• _Task_
Look for the string "Images" in the material below. Copy every line where you find it.

• _Information supplied_

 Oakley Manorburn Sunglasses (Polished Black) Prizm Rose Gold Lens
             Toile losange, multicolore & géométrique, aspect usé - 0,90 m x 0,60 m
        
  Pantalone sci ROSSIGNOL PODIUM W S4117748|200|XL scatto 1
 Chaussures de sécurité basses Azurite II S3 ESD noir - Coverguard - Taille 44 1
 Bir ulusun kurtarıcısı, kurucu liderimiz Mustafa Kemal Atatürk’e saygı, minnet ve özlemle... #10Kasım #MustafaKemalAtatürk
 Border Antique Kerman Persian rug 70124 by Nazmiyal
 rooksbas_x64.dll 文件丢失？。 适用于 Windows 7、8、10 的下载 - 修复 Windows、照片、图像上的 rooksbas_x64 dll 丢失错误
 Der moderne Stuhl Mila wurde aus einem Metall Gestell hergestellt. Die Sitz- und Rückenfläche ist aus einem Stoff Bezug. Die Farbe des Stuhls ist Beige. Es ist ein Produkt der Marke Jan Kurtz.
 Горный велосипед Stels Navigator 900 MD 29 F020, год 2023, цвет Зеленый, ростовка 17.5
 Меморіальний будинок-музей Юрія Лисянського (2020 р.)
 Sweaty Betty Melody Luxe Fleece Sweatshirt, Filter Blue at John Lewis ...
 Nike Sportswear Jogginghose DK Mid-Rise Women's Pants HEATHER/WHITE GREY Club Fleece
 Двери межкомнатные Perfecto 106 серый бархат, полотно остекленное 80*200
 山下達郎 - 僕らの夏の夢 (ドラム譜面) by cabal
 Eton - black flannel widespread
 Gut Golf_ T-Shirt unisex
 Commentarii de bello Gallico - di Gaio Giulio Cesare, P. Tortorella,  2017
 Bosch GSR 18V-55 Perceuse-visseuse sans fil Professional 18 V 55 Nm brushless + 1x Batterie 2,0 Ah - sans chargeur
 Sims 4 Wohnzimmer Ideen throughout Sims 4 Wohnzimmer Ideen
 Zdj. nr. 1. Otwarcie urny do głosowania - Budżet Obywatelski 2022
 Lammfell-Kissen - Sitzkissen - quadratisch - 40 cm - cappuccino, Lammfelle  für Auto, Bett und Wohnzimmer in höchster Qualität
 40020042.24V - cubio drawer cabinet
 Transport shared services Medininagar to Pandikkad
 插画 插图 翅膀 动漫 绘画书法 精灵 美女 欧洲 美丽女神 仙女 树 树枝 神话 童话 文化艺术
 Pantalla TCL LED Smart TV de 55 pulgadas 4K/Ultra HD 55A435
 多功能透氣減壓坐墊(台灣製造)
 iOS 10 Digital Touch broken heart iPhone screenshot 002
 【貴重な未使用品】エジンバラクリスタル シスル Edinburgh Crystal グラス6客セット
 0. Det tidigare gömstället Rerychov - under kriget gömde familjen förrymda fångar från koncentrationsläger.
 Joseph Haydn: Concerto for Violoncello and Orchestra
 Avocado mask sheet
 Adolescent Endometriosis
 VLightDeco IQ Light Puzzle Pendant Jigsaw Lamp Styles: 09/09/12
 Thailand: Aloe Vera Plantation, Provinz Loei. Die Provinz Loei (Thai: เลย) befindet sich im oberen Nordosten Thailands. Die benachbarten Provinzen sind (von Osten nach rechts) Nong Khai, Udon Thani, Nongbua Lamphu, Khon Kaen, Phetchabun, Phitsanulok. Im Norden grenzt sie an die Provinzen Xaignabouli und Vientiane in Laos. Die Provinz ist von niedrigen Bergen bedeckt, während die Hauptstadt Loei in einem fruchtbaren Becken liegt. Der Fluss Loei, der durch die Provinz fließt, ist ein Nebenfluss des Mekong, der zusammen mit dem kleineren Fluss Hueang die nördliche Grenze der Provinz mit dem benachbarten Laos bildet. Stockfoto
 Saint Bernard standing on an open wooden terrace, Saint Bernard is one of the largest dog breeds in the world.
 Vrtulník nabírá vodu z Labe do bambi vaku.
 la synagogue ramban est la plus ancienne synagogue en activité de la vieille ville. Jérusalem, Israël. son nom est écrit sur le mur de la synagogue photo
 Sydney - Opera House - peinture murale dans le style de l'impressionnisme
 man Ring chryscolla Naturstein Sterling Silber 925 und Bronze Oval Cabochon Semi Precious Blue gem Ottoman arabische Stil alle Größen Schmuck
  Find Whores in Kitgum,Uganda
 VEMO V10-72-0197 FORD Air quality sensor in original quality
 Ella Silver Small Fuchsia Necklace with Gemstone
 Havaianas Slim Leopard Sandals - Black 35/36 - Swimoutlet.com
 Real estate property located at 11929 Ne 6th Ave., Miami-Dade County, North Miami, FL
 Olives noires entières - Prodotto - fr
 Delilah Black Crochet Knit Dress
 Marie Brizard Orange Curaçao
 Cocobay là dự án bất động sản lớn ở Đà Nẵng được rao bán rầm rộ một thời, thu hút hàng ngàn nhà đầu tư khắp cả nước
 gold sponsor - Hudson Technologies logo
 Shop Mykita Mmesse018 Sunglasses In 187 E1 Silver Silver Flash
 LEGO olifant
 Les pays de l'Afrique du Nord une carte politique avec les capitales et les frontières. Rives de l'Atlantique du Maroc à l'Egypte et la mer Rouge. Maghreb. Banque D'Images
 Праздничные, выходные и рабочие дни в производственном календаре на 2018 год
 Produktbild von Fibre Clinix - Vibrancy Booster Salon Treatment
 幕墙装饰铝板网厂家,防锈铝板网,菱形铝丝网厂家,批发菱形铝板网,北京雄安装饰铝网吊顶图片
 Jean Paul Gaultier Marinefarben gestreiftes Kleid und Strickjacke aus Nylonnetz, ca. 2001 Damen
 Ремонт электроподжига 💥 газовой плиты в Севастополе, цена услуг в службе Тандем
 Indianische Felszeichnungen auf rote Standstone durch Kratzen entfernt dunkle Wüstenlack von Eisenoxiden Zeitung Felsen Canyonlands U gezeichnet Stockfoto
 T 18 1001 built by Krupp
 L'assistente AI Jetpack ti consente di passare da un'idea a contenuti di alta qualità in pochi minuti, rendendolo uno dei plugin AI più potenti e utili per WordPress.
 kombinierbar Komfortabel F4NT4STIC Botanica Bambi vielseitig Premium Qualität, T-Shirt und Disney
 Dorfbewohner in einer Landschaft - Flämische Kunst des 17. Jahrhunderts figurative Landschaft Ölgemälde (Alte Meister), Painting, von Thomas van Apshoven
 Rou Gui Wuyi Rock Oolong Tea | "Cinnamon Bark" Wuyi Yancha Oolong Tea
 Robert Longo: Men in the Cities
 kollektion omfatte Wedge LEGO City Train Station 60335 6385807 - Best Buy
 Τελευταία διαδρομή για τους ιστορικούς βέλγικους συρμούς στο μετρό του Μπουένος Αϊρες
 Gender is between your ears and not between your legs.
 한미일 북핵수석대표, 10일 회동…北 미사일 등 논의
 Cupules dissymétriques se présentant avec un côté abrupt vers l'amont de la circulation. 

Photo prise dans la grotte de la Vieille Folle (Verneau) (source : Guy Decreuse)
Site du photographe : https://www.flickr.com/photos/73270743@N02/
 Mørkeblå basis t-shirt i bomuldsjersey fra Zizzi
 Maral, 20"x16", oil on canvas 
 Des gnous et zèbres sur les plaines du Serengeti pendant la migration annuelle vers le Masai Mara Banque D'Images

• _Exercise solution_
 Les pays de l'Afrique du Nord une carte politique avec les capitales et les frontières. Rives de l'Atlantique du Maroc à l'Egypte et la mer Rouge. Maghreb. Banque D'Images
 Des gnous et zèbres sur les plaines du Serengeti pendant la migration annuelle vers le Masai Mara Banque D'Images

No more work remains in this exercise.